Exercise goal: Give back the whole listing exactly as written, leaving out each picture.

Recorded information:
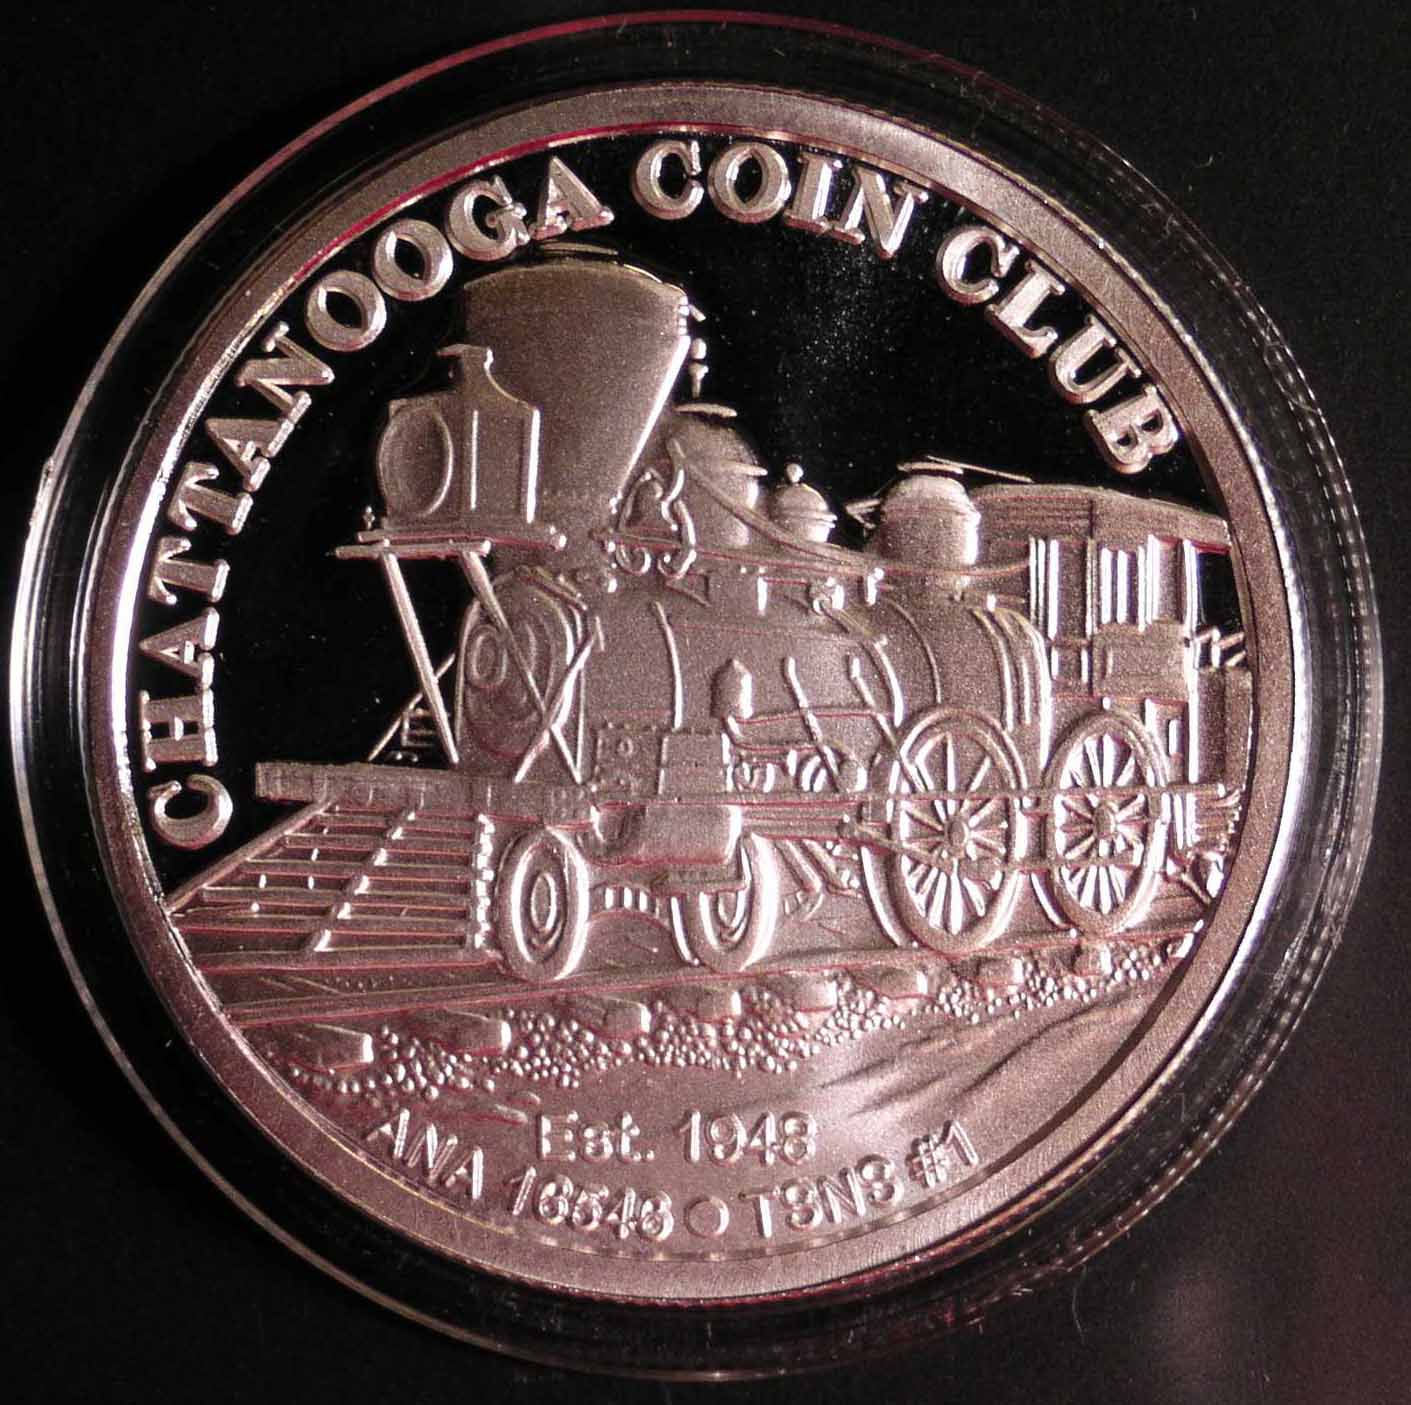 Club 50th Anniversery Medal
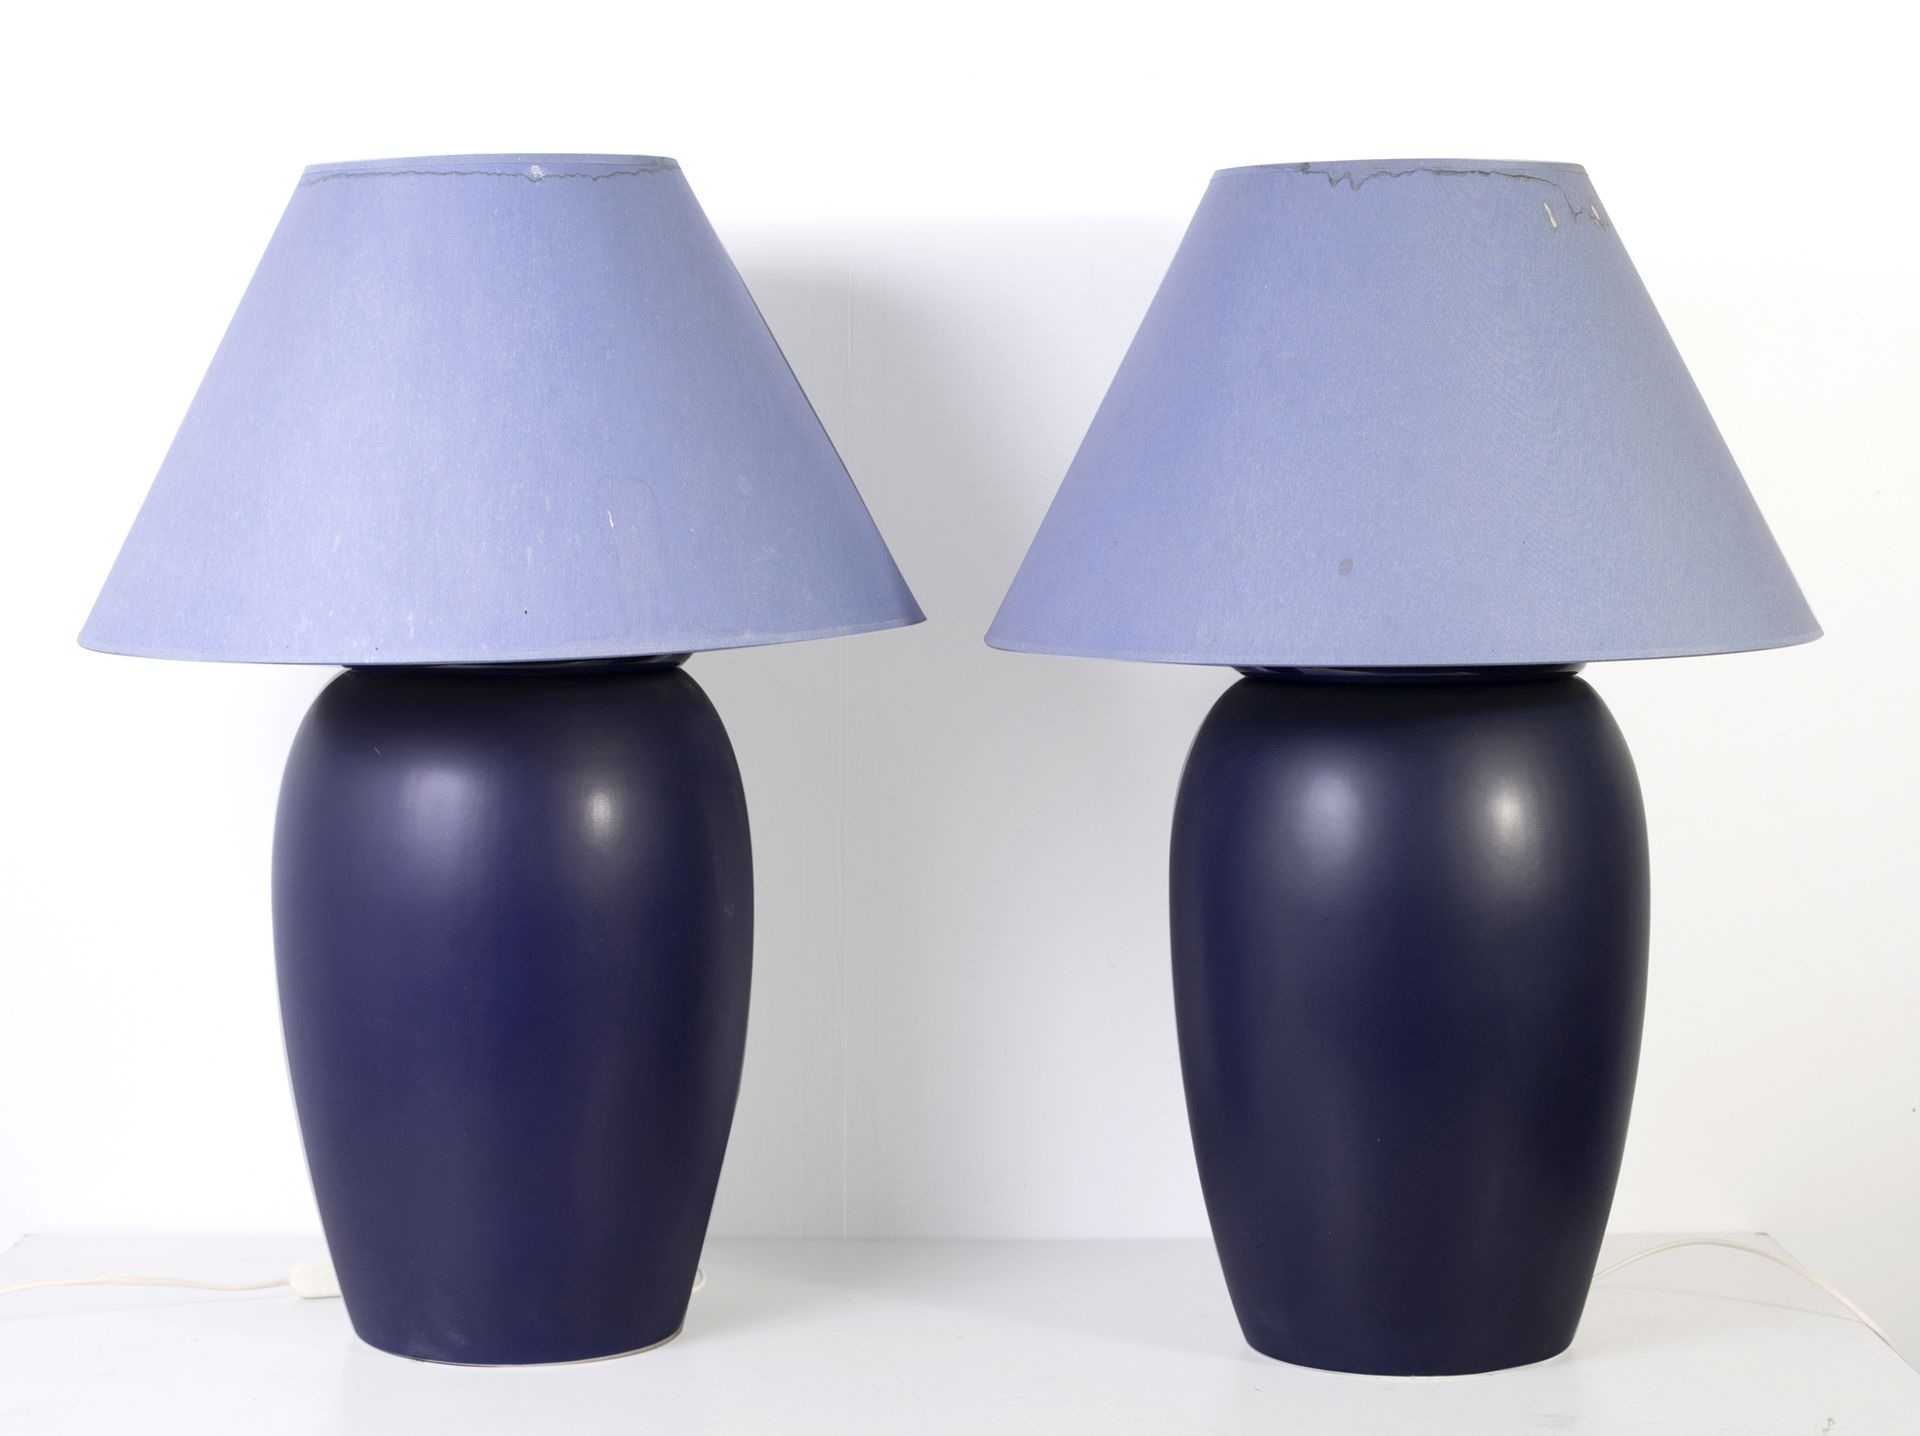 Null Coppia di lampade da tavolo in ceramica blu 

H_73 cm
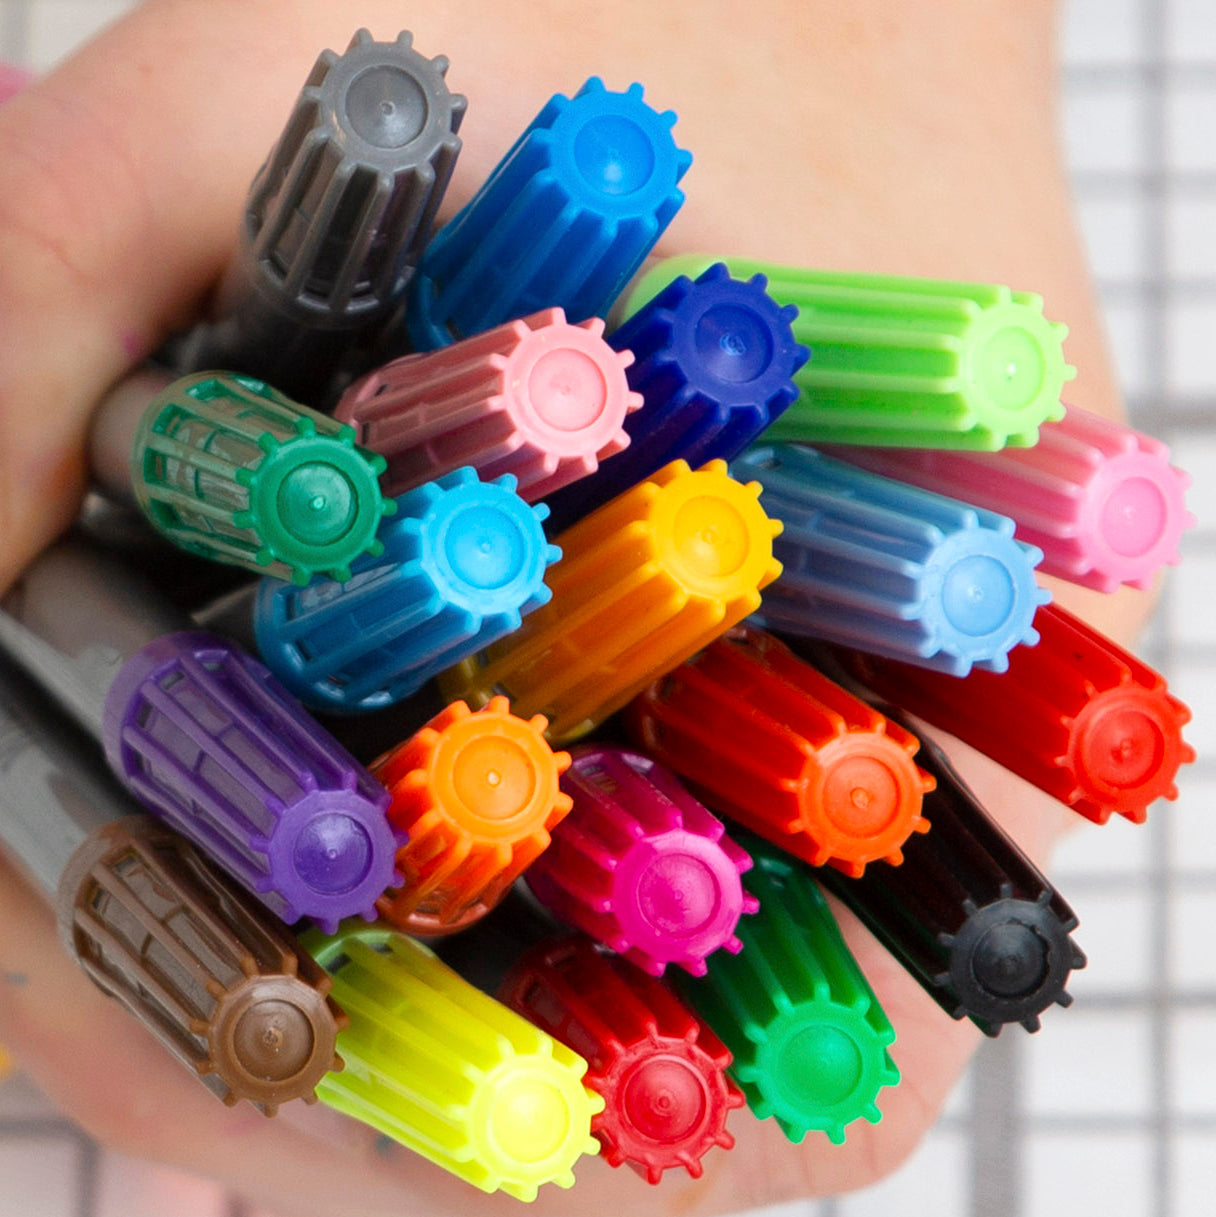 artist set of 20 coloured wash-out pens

Solved exercise:
 Club 50th Anniversery Medal
 Null Coppia di lampade da tavolo in ceramica blu 

H_73 cm
 artist set of 20 coloured wash-out pens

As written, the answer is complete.